2021q1 Homework (quiz1)

contributed by < hankluo6 >

第 1 週測驗題

解題思路

`LLL`

(c) left = &((*left)->next)

從函式名稱 list_concat 可知應為將兩個 list 做 concatenation，LLL 為在迴圈內尋找 list 的尾端，且 left 的型態為 node_t **，為 node pointer 的 "address"，故答案為 &((left)->next。

`AAA`

(e) &right

AAA 為 n->value > value 時要將 node n 加入到的 list，此時 n 為目前 while 迴圈中操作的 node，value 為 pivot 節點上的值 (此例為第一個節點的值)，但這樣並不能判斷 left list 跟 right list 兩者間的大小關係，觀察下方程式碼中的 list_concat(&result, left); 先出現可知 left list 的值較小，故 AAA 應為 right 表示 value 比 pivot 的 value 大時加入到 right 的 list 中。

`BBB`

(c) &left

反之，value 小於等於 pivot 的 value 時加入到 left 的 list 中。

`CCC`

(b) list_concat(&result, pivot); list_concat(&result, right);

再依照大小順序將 list 連接即可。

程式原理




static inline void list_add_node_t(node_t **list, node_t *node_t) {
    node_t->next = *list;
    *list = node_t;
}

將 node_t 加入到 list 的前端，並將之設定為新的 head。因為傳入的 list type 為 pointer to pointer，所以可以很優雅地處理 head 為 NULL 時的問題。

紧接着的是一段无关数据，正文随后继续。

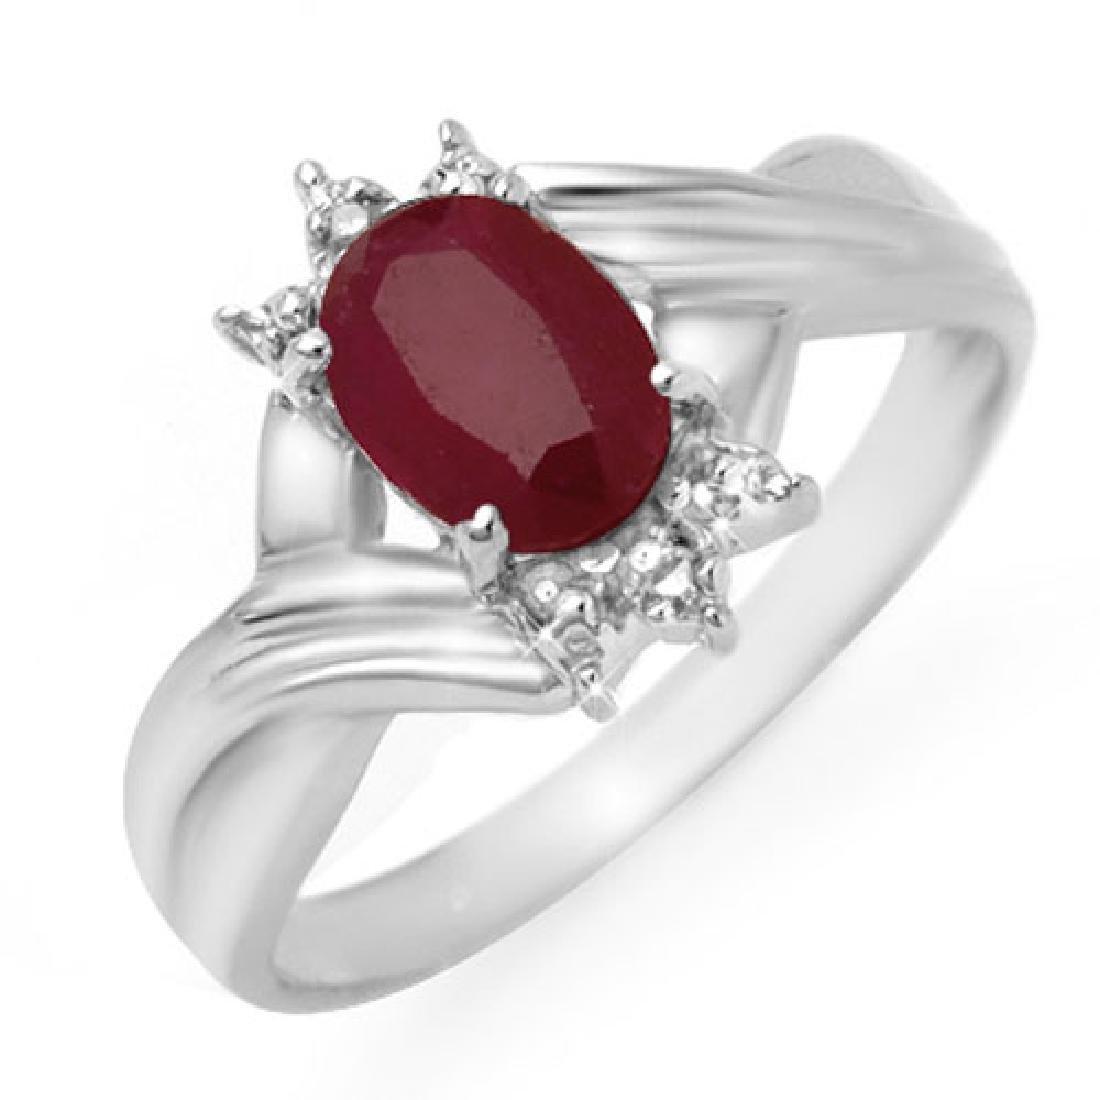 1.12 CTW Ruby & Diamond Ring 10K White Gold
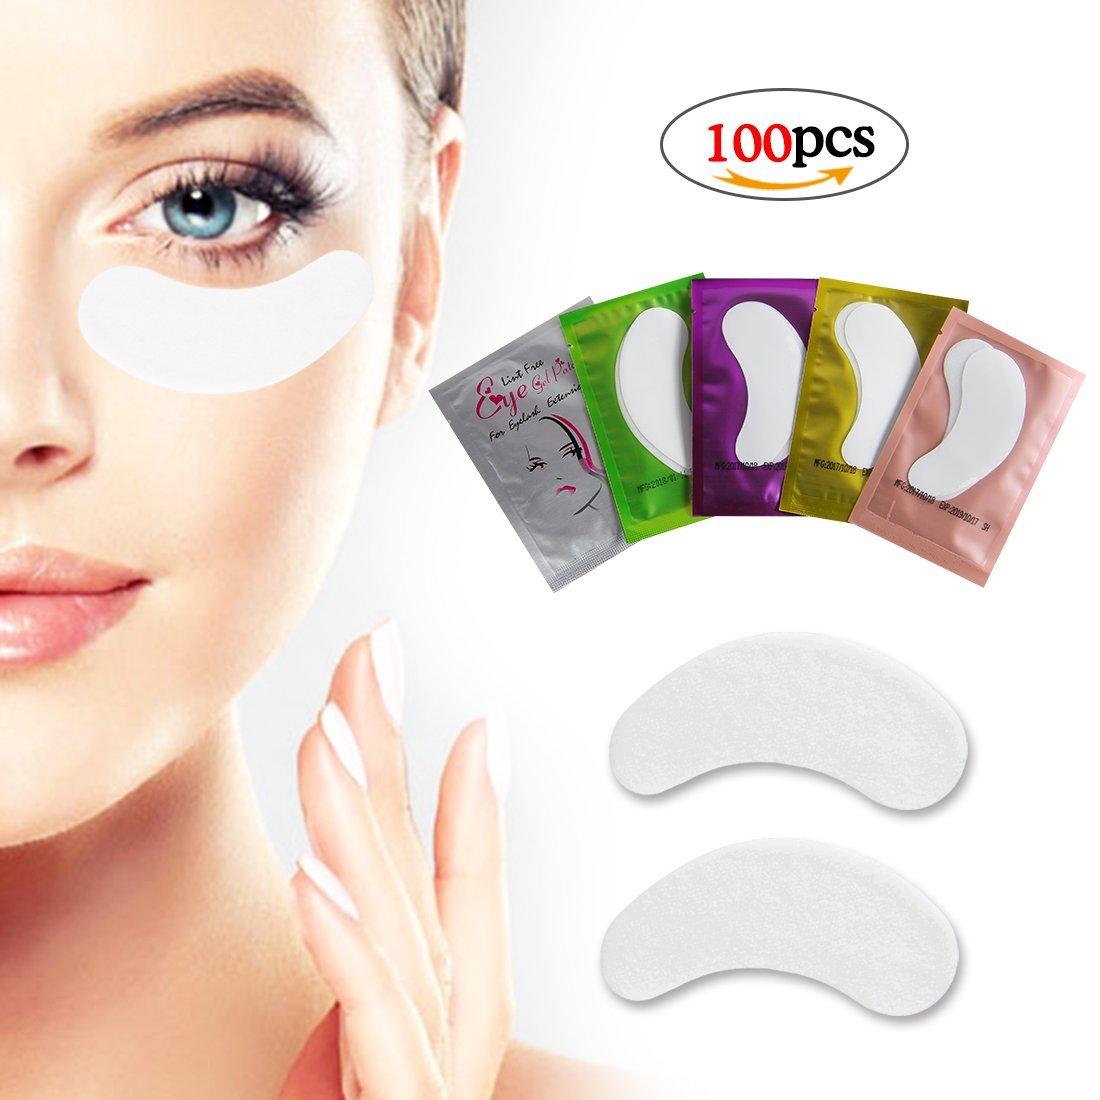 Eye Gel Pads 100 Pairs Set Lint Free Gel Eye Patch for Lash Extension Makeup False Eyelash Professional Under Eye Gel Pads 5 Colors Eye Mask Beauty Tool by LK LANKIZ

第 2 行 : node_t->next = *list;

第 3 行*list = node_t





static inline void list_concat(node_t **left, node_t *right) {
    while (*left)
        left = &((*left)->next);
    *left = right;
}

取得 left 中最後的節點的 address，並把 right 的 list 移動到該位置中。因 right 本身的結構沒有更改，故原先節點在 right 中的順序在串聯後的 list 依然保持不變。

滿足 while 迴圈條件: 第 1 次

\to

left = &((*left)->next)

滿足 while 迴圈條件: 第 2 次

\to

left = &((*left)->next)

滿足 while 迴圈條件: 第 3 次

\to

left = &((*left)->next)

滿足 while 迴圈條件: 第 4 次

\to

left = &((*left)->next)

一旦 *left == NULL 成立，離開上述 while 迴圈

第 4 行 : *left = right

void quicksort(node_t **list)
{
    if (!*list)
        return;

    node_t *pivot = *list;
    int value = pivot->value;
    node_t *p = pivot->next;
    pivot->next = NULL;

    node_t *left = NULL, *right = NULL;
    while (p) {
        node_t *n = p;
        p = p->next;
        list_add_node_t(n->value > value ? &right : &left, n);
    }

    quicksort(&left);
    quicksort(&right);

    node_t *result = NULL;
    list_concat(&result, left);
    list_concat(&result, pivot); 
    list_concat(&result, right);;
    *list = result;
}

quicksort 與一般常見陣列中的 quick sort 類似，在 quicksort 中會先選擇第一個 node 當作 pivot，接著依照每個 node 的值跟 pivot 間的大小關係，將每個 node 分配到比 pivot 大的 list 與比 pivot 小的 list 當中，再遞迴對兩個 sublist 做 quicksort，最後再透過 list_concat 以 left_head ~ left_tail -> pivot -> right_head ~ right_tail 的順序接起來，並把 *list 設定為最後 result list 的開頭 (node_t **list 本身的值不變，改變的是其指向的記憶體位置 *list)。

`random`

random(3) 提到：

The srandom() function sets its argument as the seed for a new sequence of pseudo-random integers to be returned by random(). These sequences are repeatable by calling srandom() with the same seed value. If no seed value is provided, the random() function is automatically seeded with a value of 1.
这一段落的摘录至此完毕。